Resource Extraction¶

The assessor automatically extracts potentially affected resources from code:

Resource Type	Detection Pattern	Example
Files	Quoted paths, `Path()` calls	`file:/tmp/data.csv`
URLs	`http://` or `https://` patterns	`url:https://api.example.com/data`
Database tables	`FROM`, `INTO`, `UPDATE`, `DROP` clauses	`table:users`

Resources are prefixed with their type and limited to 10 total to prevent excessive output.

Impact Estimation¶

Risk Level	Estimated Impact
`CRITICAL`	"Potentially severe and irreversible impact"
`HIGH`	"Significant impact, may require manual intervention to undo"
`MEDIUM`	"Moderate impact, generally reversible"
`LOW`	"Minor impact, easily reversible"
`SAFE`	"No significant impact expected"

Examples¶

Basic Assessment¶

from rlm_code.rlm.approval import RiskAssessor, ToolRiskLevel

assessor = RiskAssessor()

# SAFE action
result = assessor.assess({"action": "code", "code": "print('hello')"})
assert result.level == ToolRiskLevel.SAFE

# MEDIUM action (file write)
result = assessor.assess({
    "action": "code",
    "code": "with open('/tmp/output.txt', 'w') as f: f.write('data')",
})
assert result.level == ToolRiskLevel.MEDIUM
assert "File modification may overwrite existing content" in result.reasons
assert result.reversible is True

# CRITICAL action (recursive delete)
result = assessor.assess({
    "action": "code",
    "code": "import subprocess; subprocess.run(['rm', '-rf', '/home/user/data'])",
})
assert result.level == ToolRiskLevel.CRITICAL
assert result.reversible is False
assert "file:/home/user/data" in result.affected_resources

Multiple Rules Triggered¶

# This code triggers both file_delete (HIGH) and subprocess_exec (MEDIUM)
result = assessor.assess({
    "action": "code",
    "code": """
import subprocess
import os
subprocess.run(['make', 'clean'])
os.remove('/tmp/build.log')
""",
})
# level = HIGH (highest of MEDIUM and HIGH)
# reasons = [
#     "File deletion may cause data loss",        # file_delete
#     "Executing system commands",                  # subprocess_exec
# ]
# reversible = False (file_delete is not reversible)

Custom Risk Rules¶

Adding Pattern-Based Rules¶

from rlm_code.rlm.approval import RiskAssessor
from rlm_code.rlm.approval.policy import RiskRule, ToolRiskLevel

assessor = RiskAssessor()

# Add a rule for detecting API key exposure
assessor.add_rule(RiskRule(
    name="api_key_exposure",
    pattern=r"(API_KEY|SECRET_KEY|PRIVATE_KEY|ACCESS_TOKEN)\s*=",
    risk_level=ToolRiskLevel.HIGH,
    reason="Potential hardcoded API key or secret detected",
    reversible=True,
))

# Add a rule for database modifications
assessor.add_rule(RiskRule(
    name="db_insert",
    pattern=r"INSERT\s+INTO",
    risk_level=ToolRiskLevel.MEDIUM,
    reason="Database insertion detected",
    reversible=True,
))

# Add a rule for Docker operations
assessor.add_rule(RiskRule(
    name="docker_run",
    pattern=r"docker\s+(run|exec|build)",
    risk_level=ToolRiskLevel.MEDIUM,
    reason="Docker container operation detected",
    reversible=True,
))

Adding Callable-Based Rules¶

For complex risk patterns that cannot be expressed as a single regex, use callable rules:

def check_large_file_operation(action: dict) -> bool:
    """Flag operations on files larger than 100MB."""
    code = action.get("code", "")
    # Check for known large file paths
    large_paths = ["/data/warehouse/", "/backup/", "/var/log/"]
    return any(path in code for path in large_paths)

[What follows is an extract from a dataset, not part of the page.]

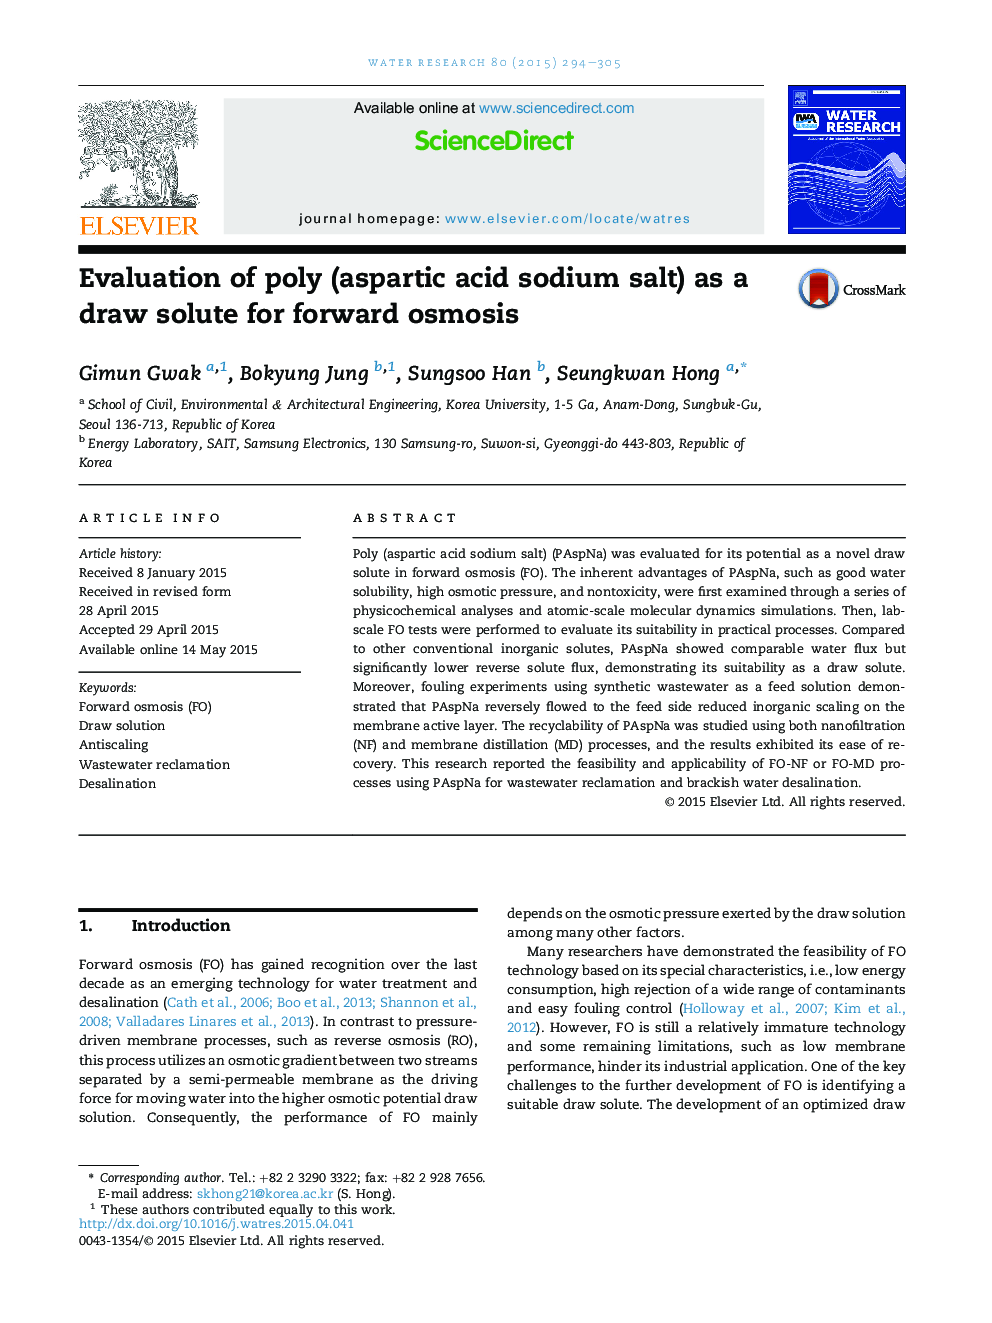 Evaluation of poly (aspartic acid sodium salt) as a draw solute for forward osmosis

assessor.add_rule(RiskRule(
    name="large_file_operation",
    pattern=check_large_file_operation,
    risk_level=ToolRiskLevel.HIGH,
    reason="Operation on potentially large file/directory",
    reversible=True,
))


def check_multiple_system_calls(action: dict) -> bool:
    """Flag code with more than 3 subprocess calls."""
    code = action.get("code", "")
    import re
    matches = re.findall(r"subprocess\.(run|call|Popen)|os\.system", code)
    return len(matches) > 3

assessor.add_rule(RiskRule(
    name="excessive_system_calls",
    pattern=check_multiple_system_calls,
    risk_level=ToolRiskLevel.HIGH,
    reason="Multiple system command executions detected (potential script injection)",
    reversible=True,
))

Removing Rules¶

# Remove a rule by name
removed = assessor.remove_rule("print_output")
# removed = True (rule existed and was removed)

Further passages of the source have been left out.